## WHAT TO DO
Could you retype the lines below, starting at the line holding "Ma van az idősek" and stopping at the line holding "Plan de cabine", inclusive? Copy them exactly and drop the images.

## SUPPLIED DATA
——
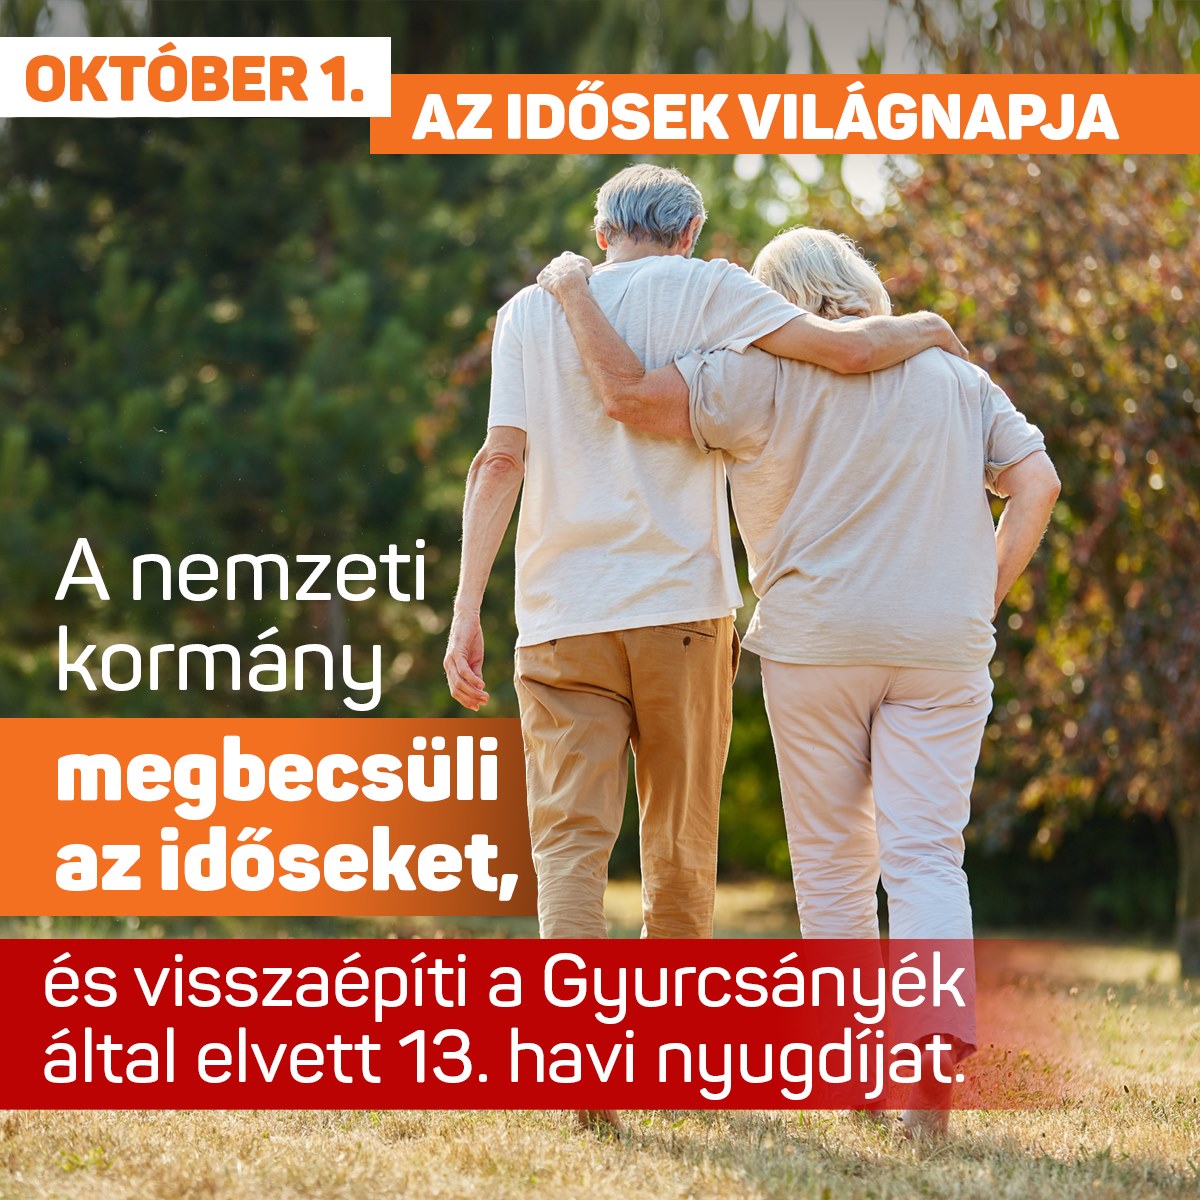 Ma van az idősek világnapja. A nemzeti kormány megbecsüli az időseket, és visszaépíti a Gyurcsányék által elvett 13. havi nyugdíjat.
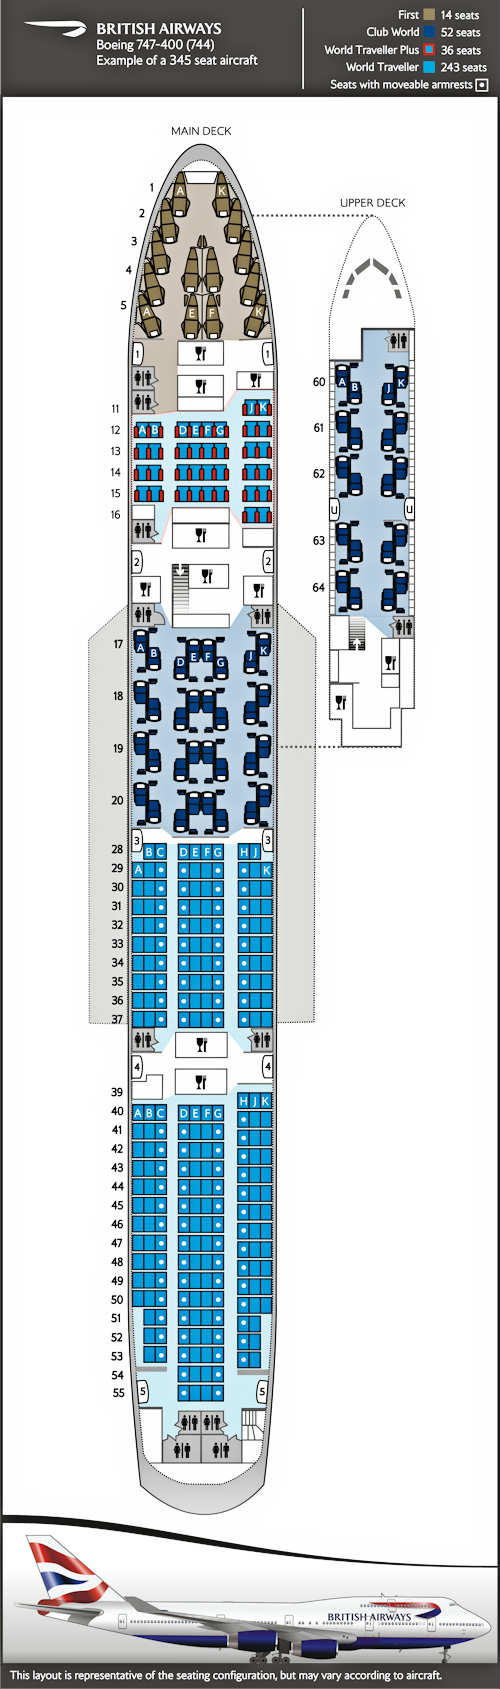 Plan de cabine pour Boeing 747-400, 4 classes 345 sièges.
——
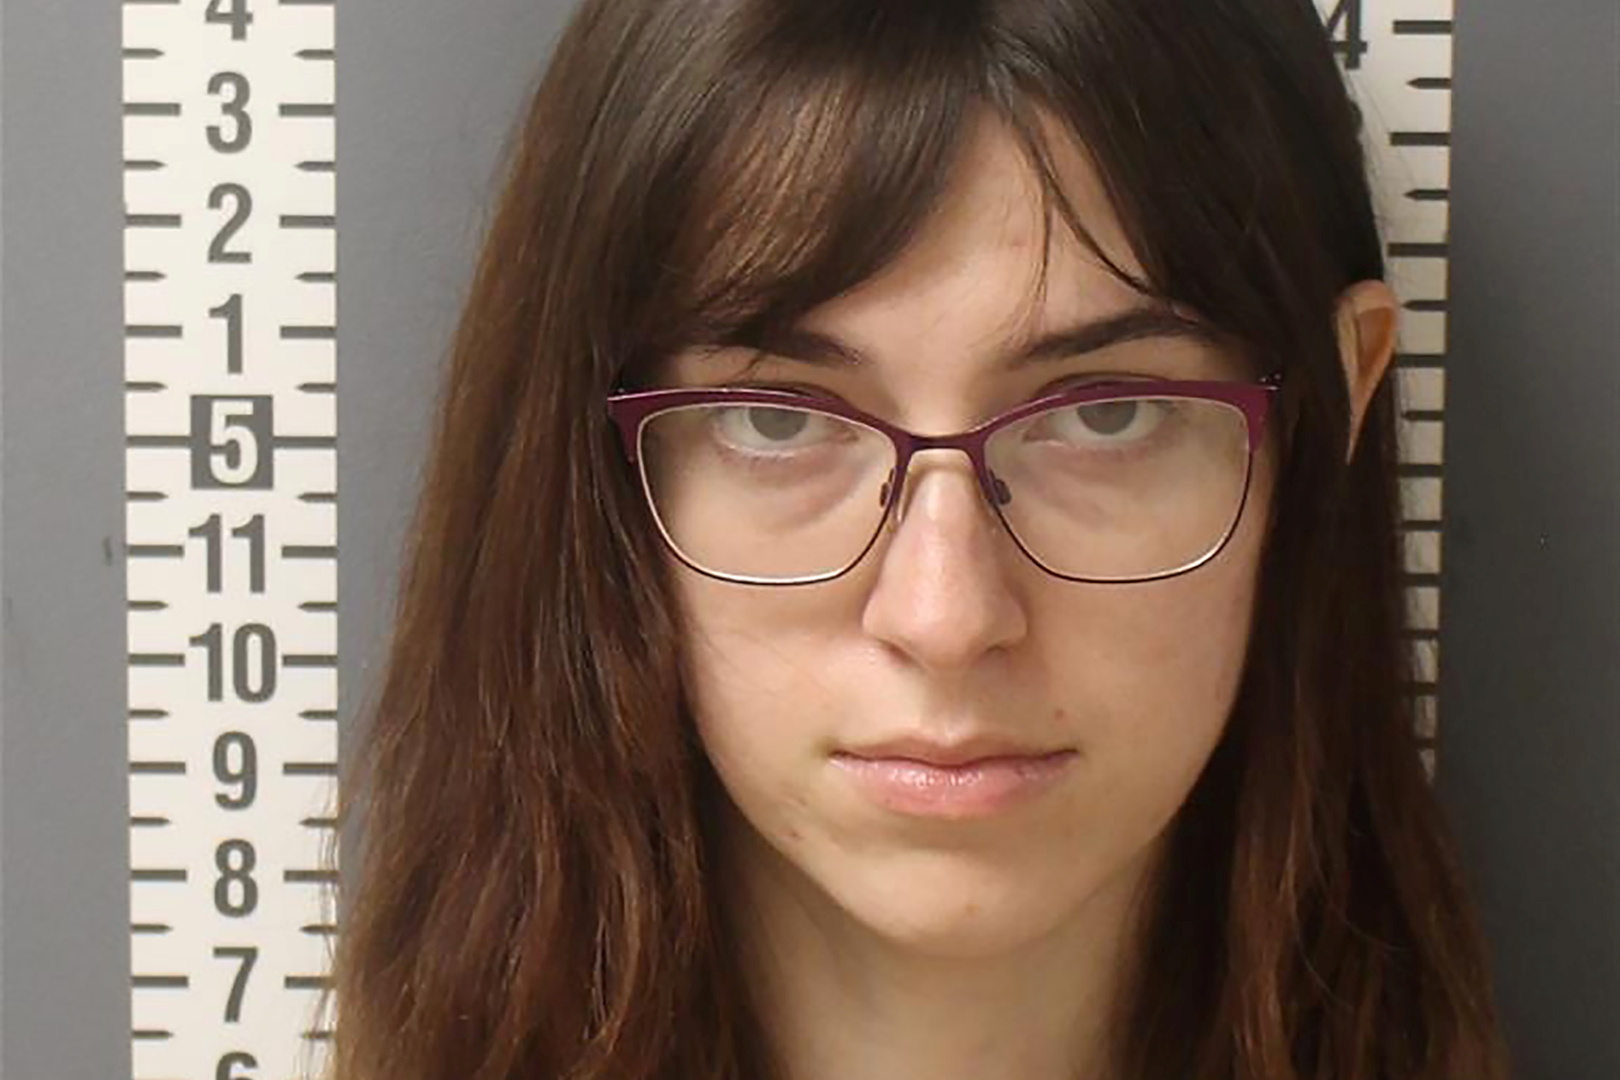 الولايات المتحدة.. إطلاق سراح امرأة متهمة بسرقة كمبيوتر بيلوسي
——
## TASK ANSWER
 Ma van az idősek világnapja. A nemzeti kormány megbecsüli az időseket, és visszaépíti a Gyurcsányék által elvett 13. havi nyugdíjat.
 Plan de cabine pour Boeing 747-400, 4 classes 345 sièges.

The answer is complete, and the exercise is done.